[DIRECTIONS] The whole listing, except its pictures, is to be repeated exactly.

##### STORED DATA #####

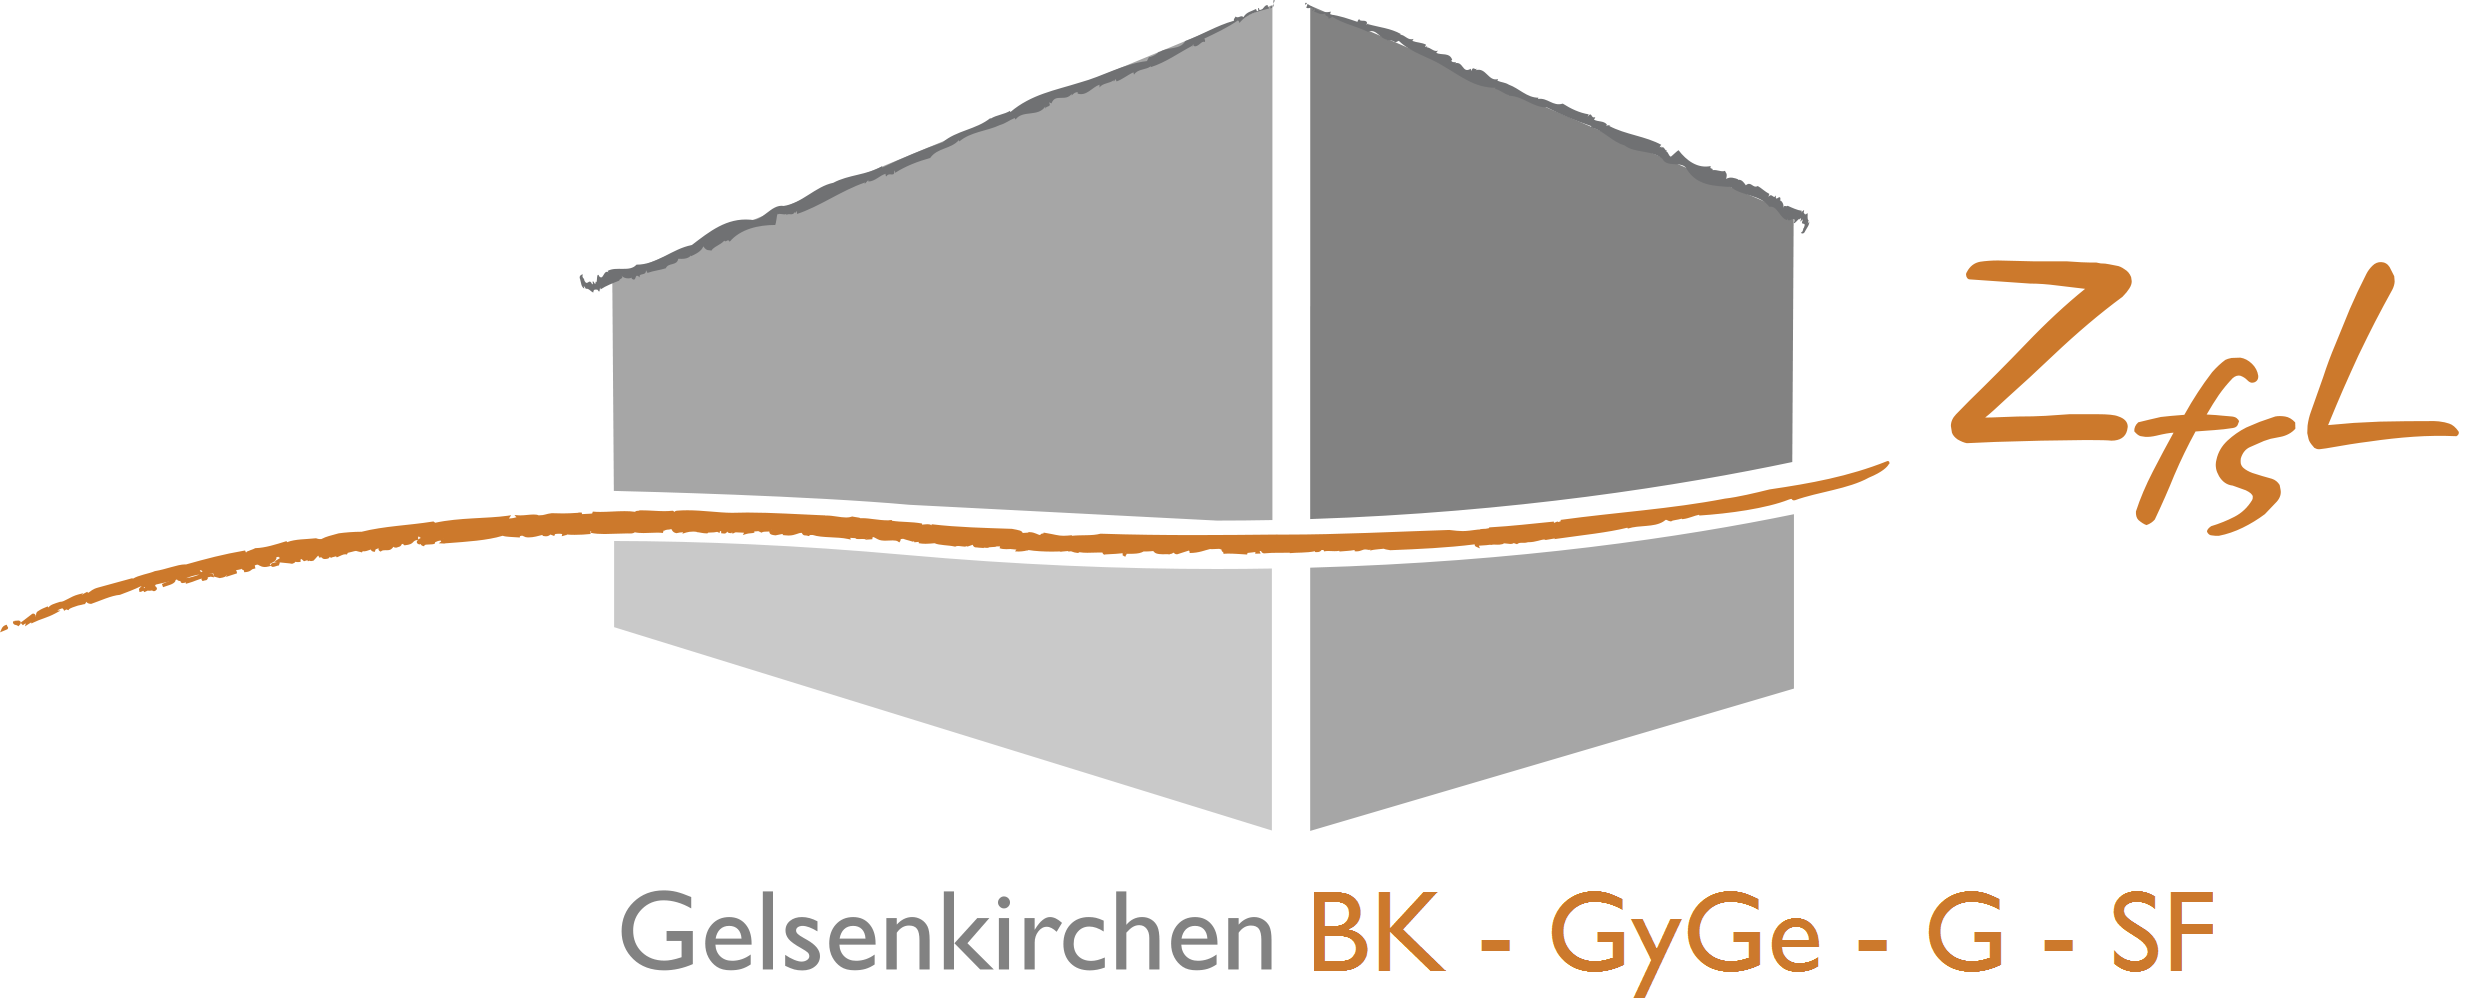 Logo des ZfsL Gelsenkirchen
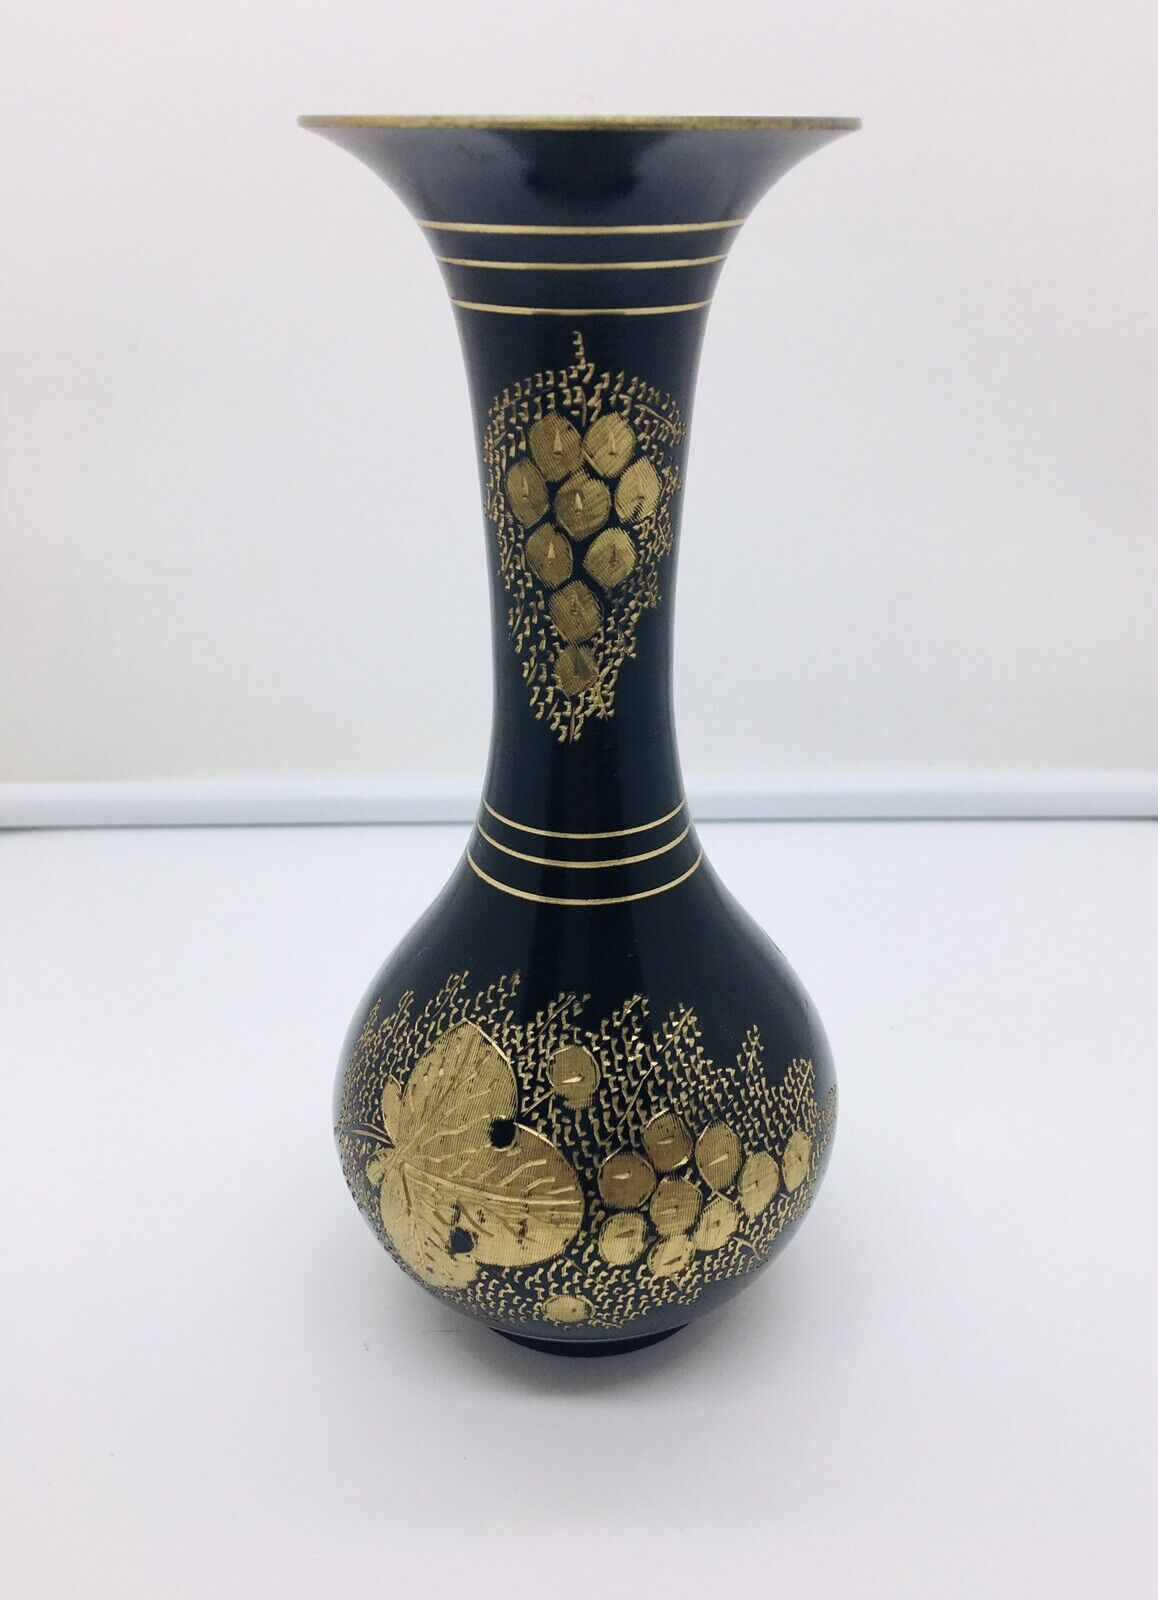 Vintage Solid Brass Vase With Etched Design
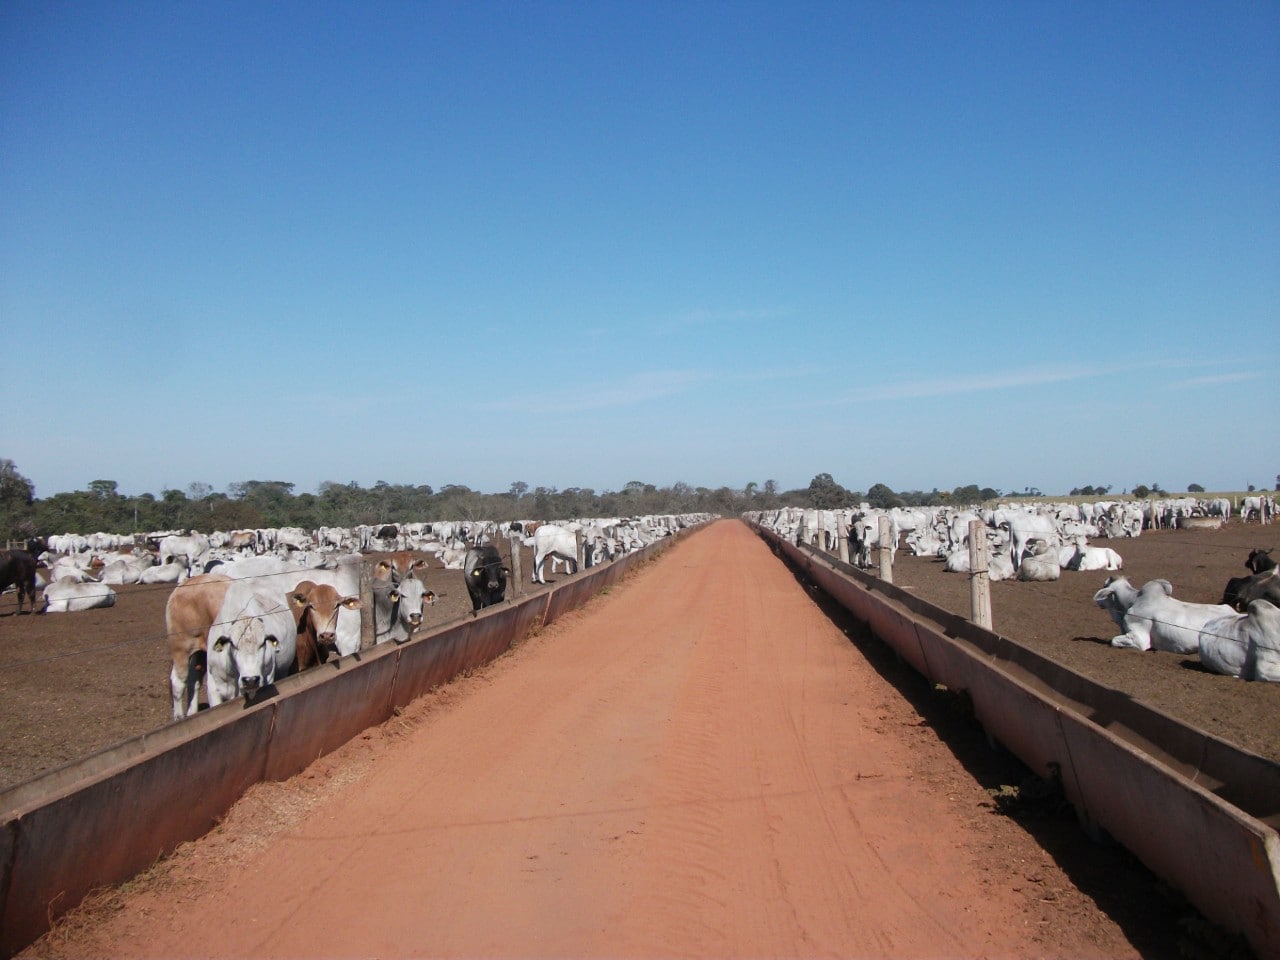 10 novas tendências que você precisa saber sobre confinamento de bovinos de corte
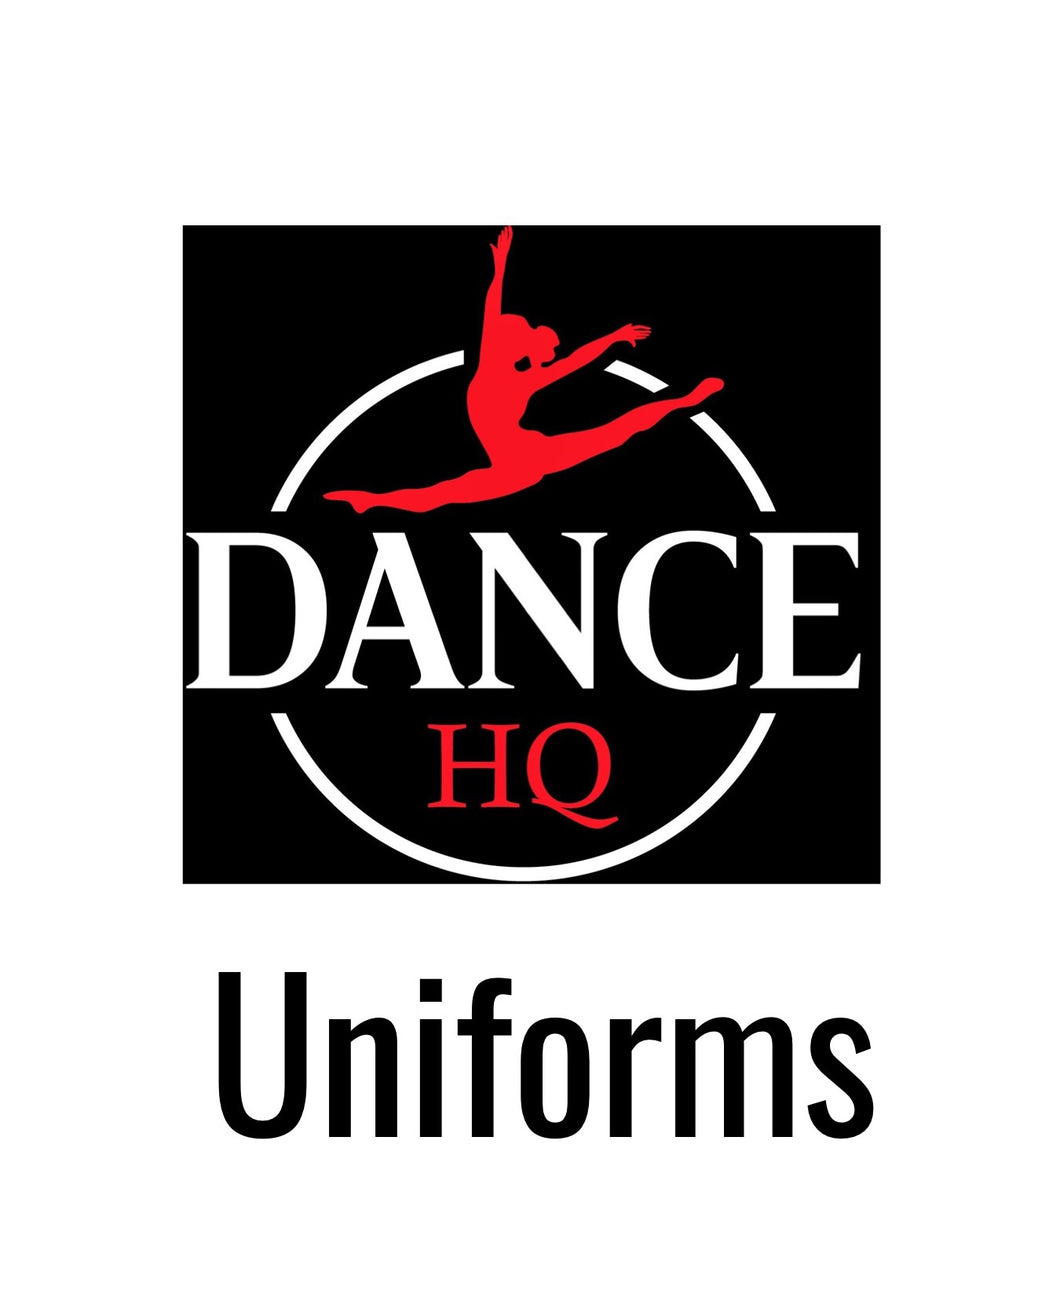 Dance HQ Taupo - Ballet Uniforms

#####

[ANSWER SECTION]
 Logo des ZfsL Gelsenkirchen
 Vintage Solid Brass Vase With Etched Design
 10 novas tendências que você precisa saber sobre confinamento de bovinos de corte
 Dance HQ Taupo - Ballet Uniforms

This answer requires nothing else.